What needrestart actually does
According to the Debian and Ubuntu man pages, needrestart checks which daemons need to be restarted after library upgrades. It also supports checking for an obsolete kernel, and in batch mode it can produce machine-friendly output for scripting and monitoring.
That distinction matters:
- some updates only require service restarts
- some updates leave user sessions or daemons mapped to old libraries
- kernel changes still require a reboot to boot into the new kernel
So the question is not just "was there an update?" It is "what is still running the old code?"
Why this is different from unattended-upgrades
unattended-upgrades is the mechanism that installs approved updates automatically. Its own documentation says it logs activity to:
/var/log/unattended-upgrades/unattended-upgrades.log/var/log/unattended-upgrades/unattended-upgrades-dpkg.log
That tells you what got installed.
needrestart tells you what still needs attention after installation.
One subtle but important behavior from the needrestart man page: if it is configured for interactive mode but runs in a non-interactive context such as unattended-upgrades, it falls back to list-only mode. That is a good default for automation, because it avoids surprise restarts during unattended patching.
Install it
On Debian or Ubuntu:
sudo apt update
sudo apt install needrestart
Quick sanity check:
needrestart -v
If the package is present but your normal patch workflow has never shown any needrestart summary, it is still worth running manually once after an upgrade.
The safest manual workflow
After upgrading packages, run needrestart in list-only mode first:
sudo apt upgrade
sudo needrestart -r l
What this does:
-
-r lmeans list-only restart mode - it reports what needs a restart without restarting anything
- it can also report whether the running kernel is older than the installed one
This is the mode I recommend first on servers, especially if you are patching over SSH or touching stateful workloads.
Example: service restart instead of full reboot
Imagine you upgraded OpenSSL or glibc on a host running Nginx, SSH, and a few app services.
A cautious workflow looks like this:
sudo apt upgrade
sudo needrestart -r l
sudo systemctl restart nginx
sudo systemctl restart myapp.service
sudo needrestart -r l
Why run it twice?
Because the first pass tells you what is stale.
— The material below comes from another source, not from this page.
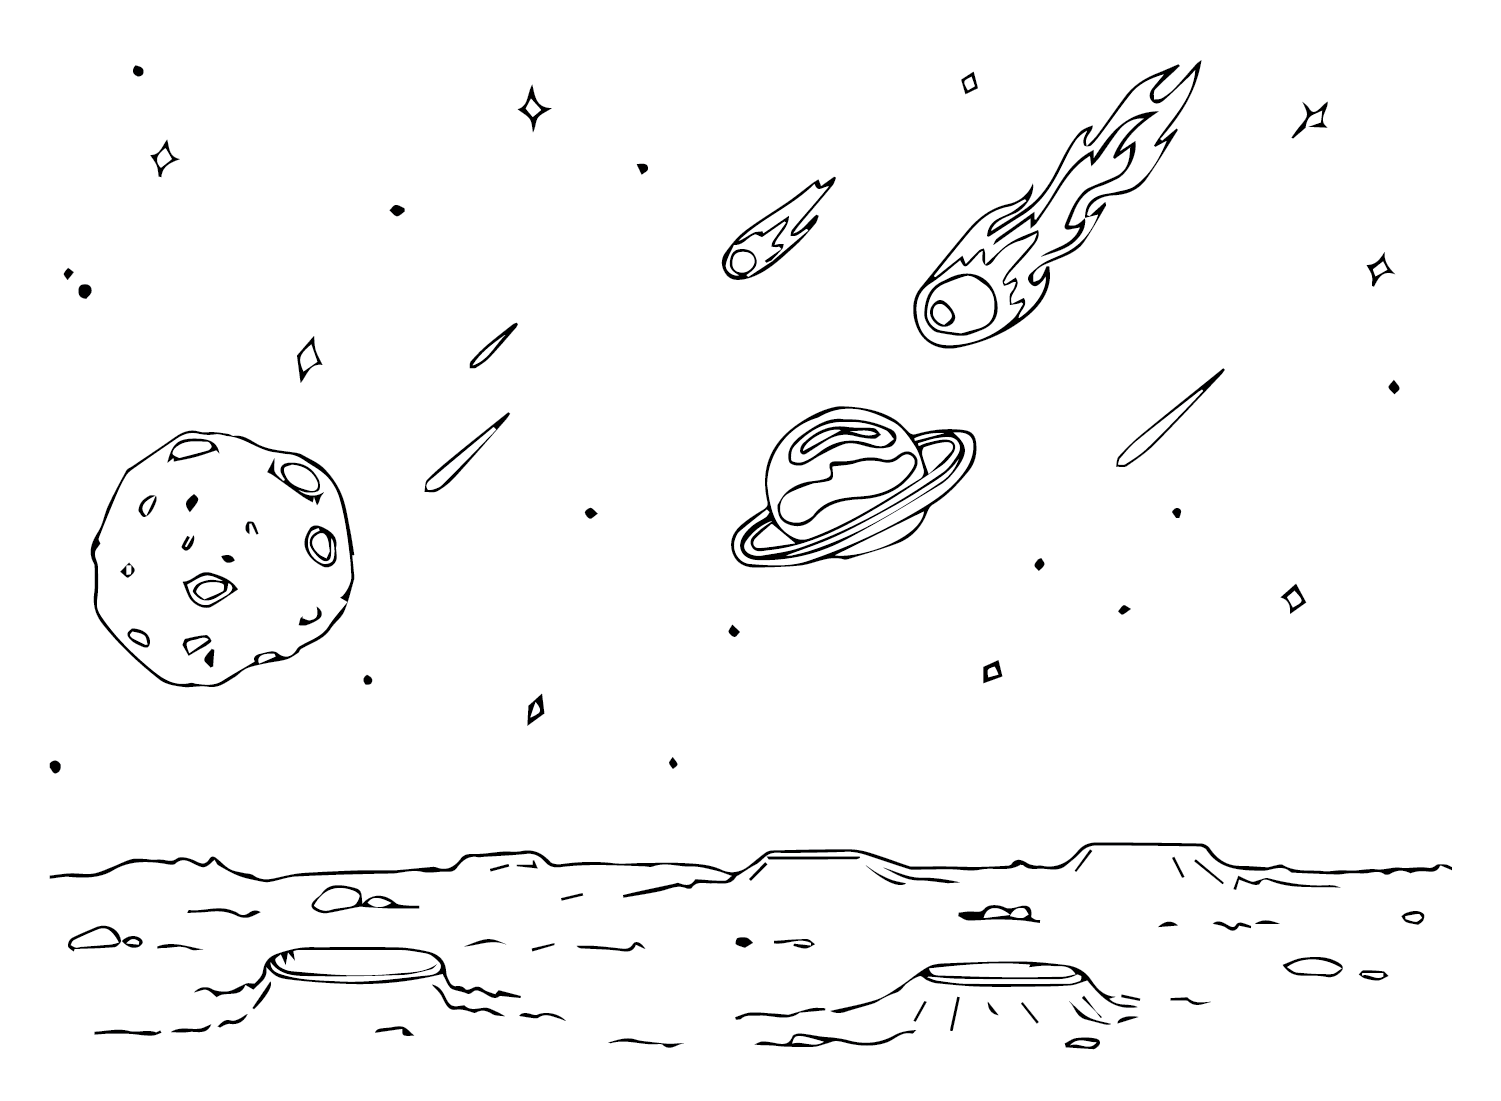 Изображения астероида с астероида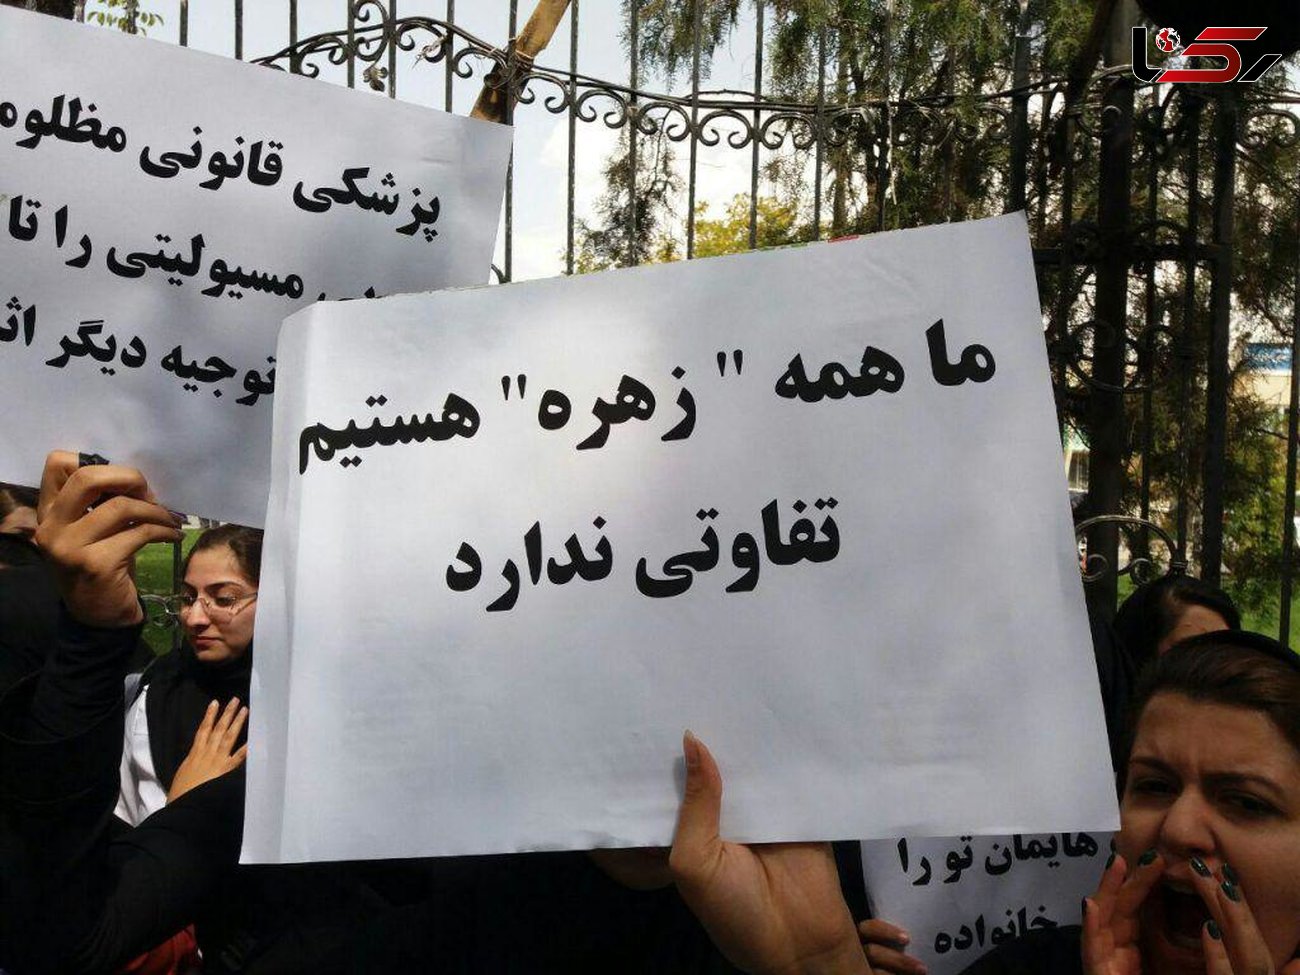 اعتراض در پی مرگ تلخ دختر دانشجوی پزشکی شهرکرد ادامه دارد / ما همه زهره هستیم!!! + عکس

After you restart the affected services, the second pass confirms whether you cleared the backlog or whether a reboot is still justified.
You can also inspect service state directly:
systemctl status nginx --no-pager
systemctl status myapp.service --no-pager
Batch mode for automation and monitoring
One of needrestart's most useful features is batch mode:
sudo needrestart -b
The upstream batch-mode documentation shows output like this:
NEEDRESTART-VER: 2.1
NEEDRESTART-KCUR: 3.19.3-tl1+
NEEDRESTART-KEXP: 3.19.3-tl1+
NEEDRESTART-KSTA: 1
NEEDRESTART-SVC: systemd-journald.service
NEEDRESTART-SVC: systemd-machined.service
A few useful fields:
-
NEEDRESTART-SVClists services that should be restarted -
NEEDRESTART-KCURis the current kernel -
NEEDRESTART-KEXPis the expected kernel -
NEEDRESTART-KSTAis kernel status
Upstream documents these kernel status values:
-
0: unknown or failed to detect -
1: no pending upgrade -
2: ABI-compatible upgrade pending -
3: version upgrade pending
That makes batch mode easy to wire into health checks.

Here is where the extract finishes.